The claimant, WW Property Investments, had contended that certain interest rate hedging contracts that it had entered into with National Westminster Bank constituted wagering contracts.
This relates to an application by WW Property Investments (WW) to appeal a decision by HH Judge Roger Kaye QC dated 1 March 2016 (the Original Decision) where he struck out in its entirety their claim against National Westminster Bank (NatWest) and refused WW permission to add a new claim.
Between 2004 and 2010, WW borrowed money from NatWest and also entered into four interest rate hedging contracts. Three of them were collars and the fourth was a swap entered into after the collars closed-out. The collars were entered into in order to hedge WW's interest obligations under the loan and it was a term of the loan that it should be hedged. The way the collars worked were that if interest rates rose above a certain level, NatWest would pay WW but if they fell below a certain level, WW would pay NatWest. Because interest rates dropped in 2008 and remained low, the collars were in NatWest's favour.
In 2013 NatWest carried out an interest rate hedging product review (IRHPR) which led to some redress being given to WW. In October 2014, NatWest made offers to WW in relation to the collars which were accepted by WW in January 2015. The offers meant that WW received over £424,152.06. In the offer letter that WW signed was wording that WW may also claim for additional losses. WW did make a claim for additional losses but this was ultimately rejected by NatWest.
Lord Justice Christopher Clarke in this application to appeal discussed four main issues, each of which are discussed in more detail below:
In the Original Decision, the judge accepted that WW, in signing the settlement agreement had compromised its claims in respect of the collars. This was because any additional claims had to be through the IRHPR process. Therefore, he held that the additional losses could only be sought in relation to the swap.

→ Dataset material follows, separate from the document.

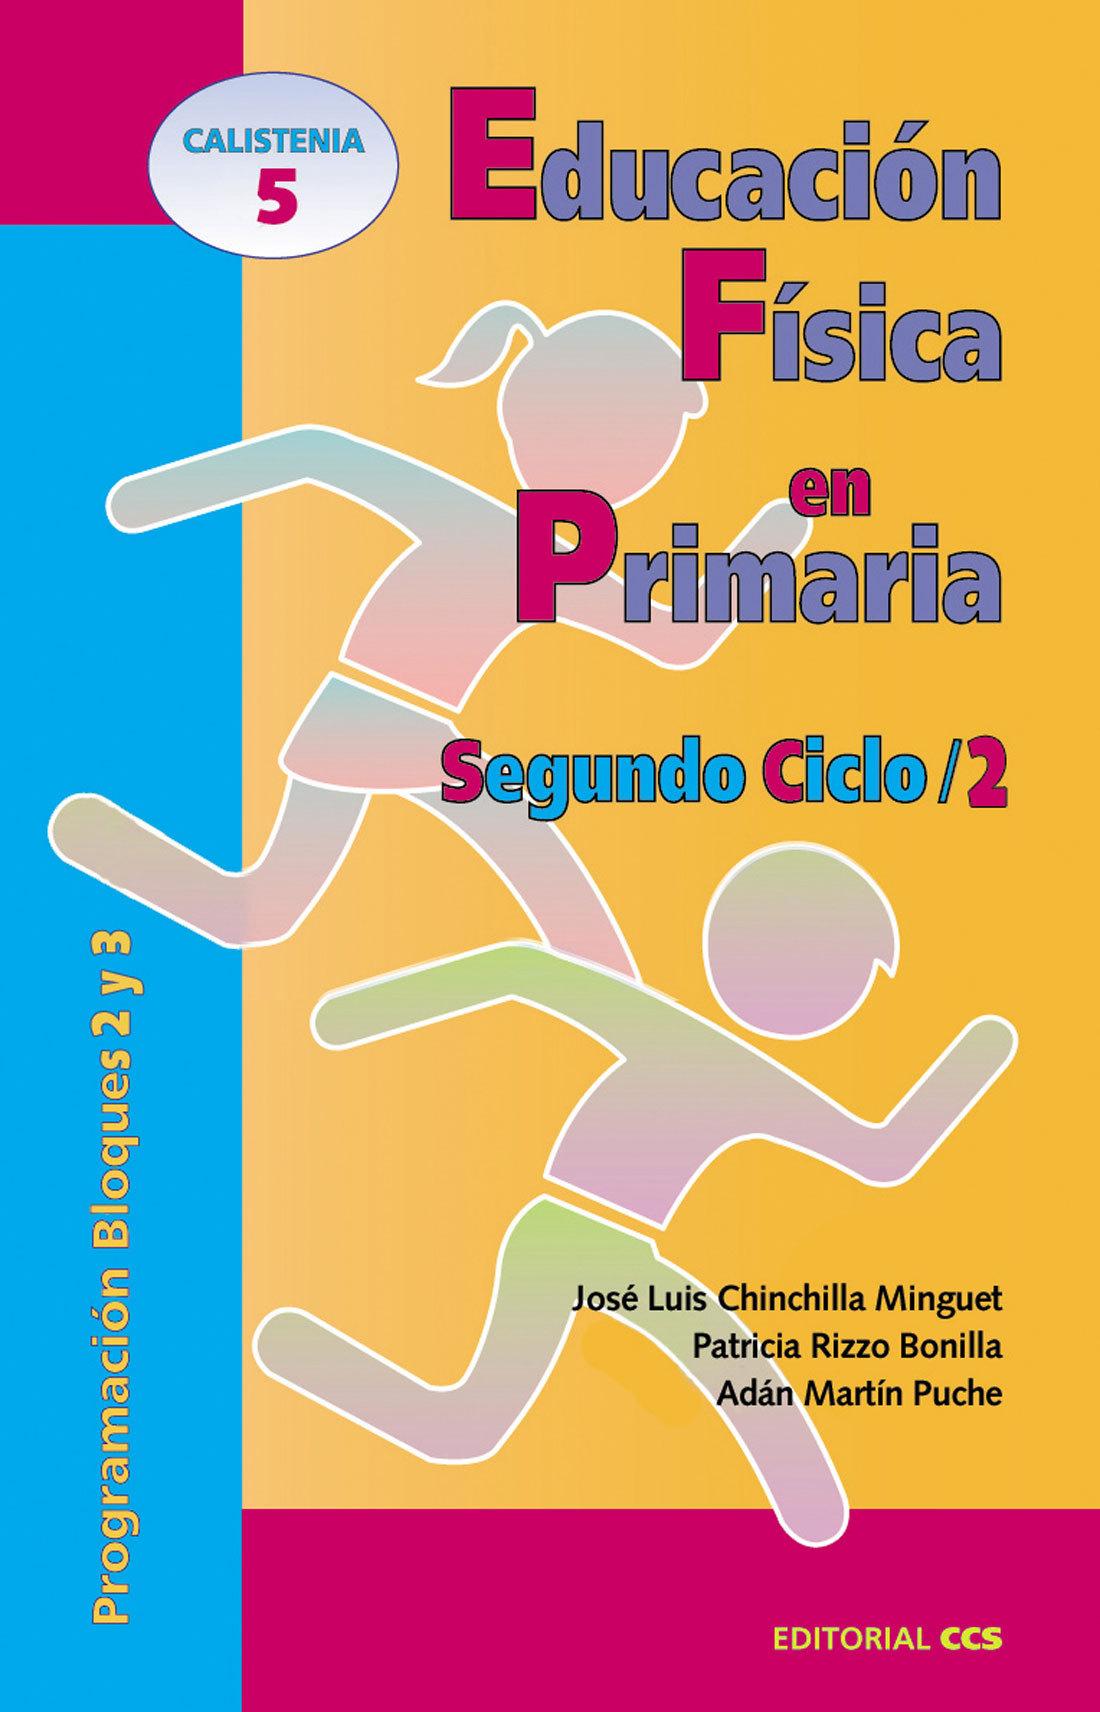 CALISTENIA 5 EDUCACION FISICA EN PRIMARIA SEGUNDO CICLO/2

Lord Justice Christopher Clarke thought that the matter was not quite as clear cut as the judge in the Original Decision did and that it was open for WW to bring a claim for additional losses separate to the losses agreed in relation to the settlement agreement.
WW made the claim that the collars and swap were wagering contracts. If they were classified as wagers, it would mean that on day one of the contracts, each party should have the same amount of knowledge or ignorance as to the prospects of the bet succeeding. However, as NatWest had greater knowledge on the prospects of the contracts on day one than WW and failure to disclose this amounted to cheating or skewing the odds in NatWest's favour. This argument has been raised in court on a number of occasions before and struck out and so the judge in the Original Decision said that WW did not have real prospects of success in this claim.
Lord Justice Christopher Clarke however considered at length the concept of each party needing to have equal knowledge or equal ignorance of the likelihood of the relevant event occurring. In many bets, each side has different expectations of what will happen. For example, the owner of a thoroughbred horse will have greater knowledge on the horse's probability of winning a race than a bookmaker. Equally the bookmaker has more knowledge on how people have been betting than someone who bets at the last minute. Despite the different knowledge that each party has, no party can influence the outcome of the event to improve his chances of winning the bet.
On this basis, NatWest did not have an obligation to declare the value they attributed on the contracts or what their expectations were on interest rate movements in the future.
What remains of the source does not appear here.